El silencio que mata al diálogo se impone, pero este silencio es muy especial, porque se impone mediante el ruido. Hay tanto ruido a nuestro alrededor que nos volvemos sordos hasta para lo que decimos nosotros mismos.
Hace tiempo, se podía decir con cierta confianza: la simple presencia del otro basta para iniciar una conversación, de alguna manera al estar nos expresamos. Pero, la indiferencia ante lo que se expresa impide comunicación alguna en tiempos en los que se habla de grandes avances respecto a la posibilidad de comunicar.

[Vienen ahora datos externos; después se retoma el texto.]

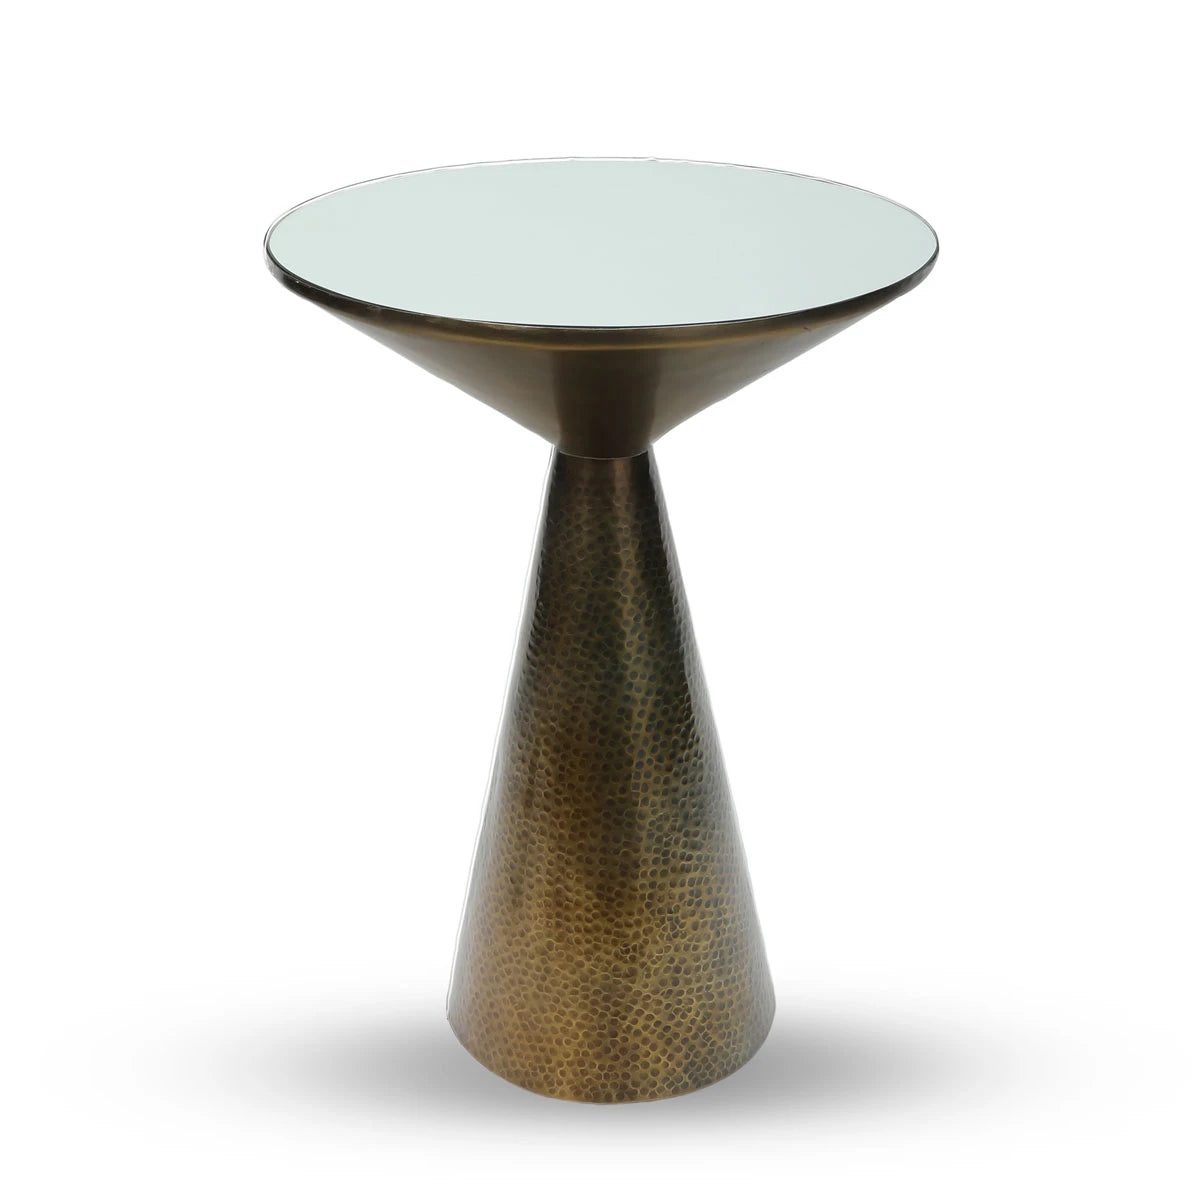 Top Angled View of Hand-Hammered Textured Brass Metal Table with Glass Top

Cuando se empieza a hablar sobre estas cosas la ironía no se hace esperar, el cinismo tampoco, y las falsas preocupaciones menos. Quienes dicen escuchar no cesan de hablar y de tejer redes con todo lo que dicen, sus dedos siempre están levantados para aprobar o descalificar lo que otros intentan decir; los cínicos hablan y reconocen abiertamente que lo que dicen no tiene valor, como tampoco lo tiene para ellos quien se detiene un momento para escucharlos; y los que se preocupan falsamente se dedican a hablar sobre la incapacidad de los otros para dialogar sin notar sus propias carencias.
En medio de tanto ruido no ha de extrañarnos que el silencio se imponga, que la presencia del otro ya no importe y que las cosas importantes se digan mediante tratados plagados de hablantes y no con diálogos que pecan de sencillos y que permiten al que escucha iniciar una verdadera conversación.